LGBT activists have called for the 2014 Winter Olympics to be moved from Sochi, Russia, or, alternatively, for Russia to be prohibited from competition. Although the anti-gay laws passed in Russia are reprehensible, is banning the country from hosting or participating the best answer?

The Nation’s Dave Zirin says no and gives three reasons why. The first is that such a restriction would primarily harm Russian athletes, who shouldn’t be blamed for “being born in a country abysmal on human rights.” Second, these demands are not coming from within the nation, and Russians should be afforded the right to stand up for their beliefs, as did the South African Non-Racialized Olympic Committee when it called for that country’s exclusion from the games in 1964. Last, the International Olympic Committee cannot be expected to “take a stand.”

As Zirin explains:

The IOC couldn’t “take a stand” with two crutches and hydraulic lift. It was a flawed body during the Cold War. Now it’s a corporate piranha masquerading as Nemo the Clown Fish, tearing countries to pieces under a miasma of soft-headed hooey about “bringing the world together through sports.” Asking the IOC to be an ally in the fight against oppression is like asking a scorpion not to sting. The mere fact that the Winter Games are in Putin’s Sochi—where the disappearance of $30 billion in Olympic construction costs has elicited barely a pip from the IOC—only shows who they are and where they stand.

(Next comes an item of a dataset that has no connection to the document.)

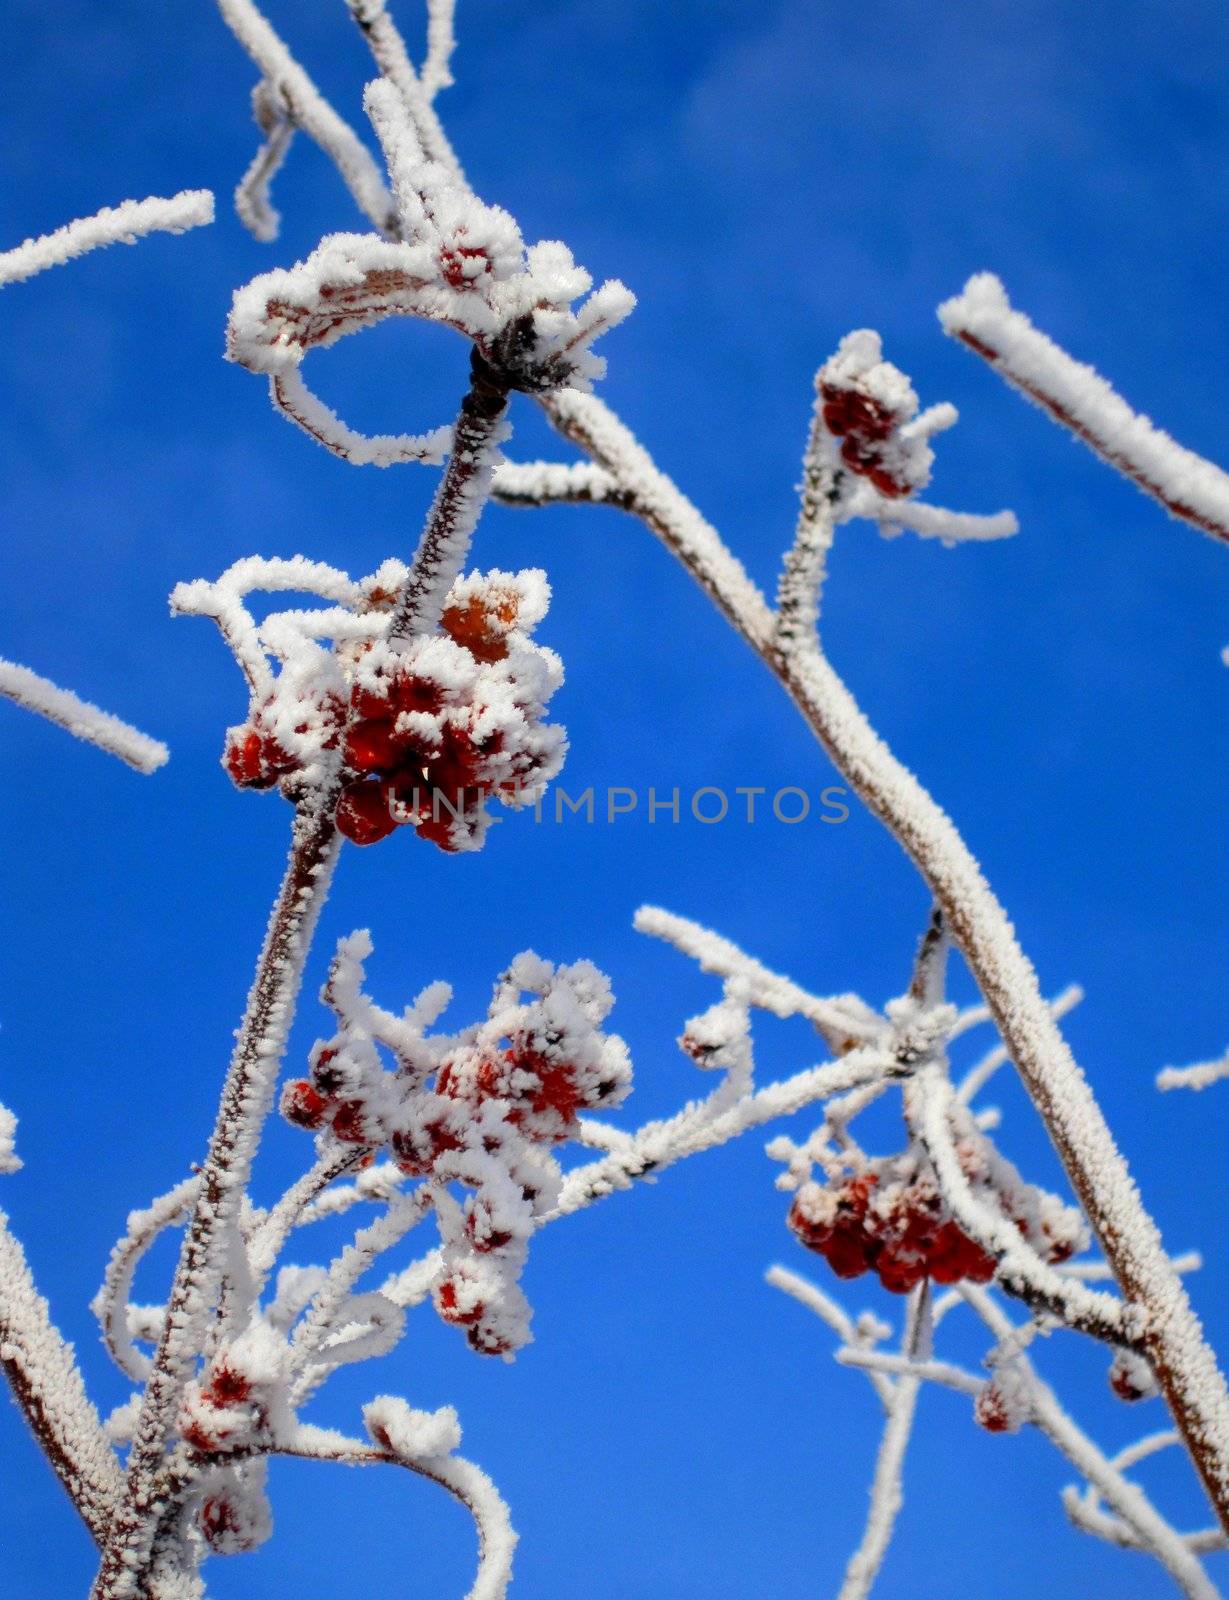 Red berried tree covered in hoar frost under a blue sky.

… Having forces in the United States and the West—or in the case of the IOC, largely controlled by the United States and the West—telling Russia it can’t compete immediately raises a series of thorny questions. Russia’s anti-gay laws are abhorrent. You know what else is abhorrent? The drone and spying programs of the United States. Also our deeply racist system of mass incarceration, our treatment of women prisoners, our continued degradation of indigenous people, our record-setting immigrant deportation program or the fact that in twenty-nine states it’s still legal to fire people just because of their sexuality.

It’s true that America’s human rights scorecard is far from perfect, and, as Zirin correctly points out, “if the only countries allowed in the Olympics had sparkling records on human rights, we’d be watching polar bears race penguins on an ice drift in Antarctica.”

Perhaps a more effective response to Russia’s anti-gay legislation would be to attend the Olympics in Sochi and fight for LGBT rights, to organize resistance rather than look away from repression.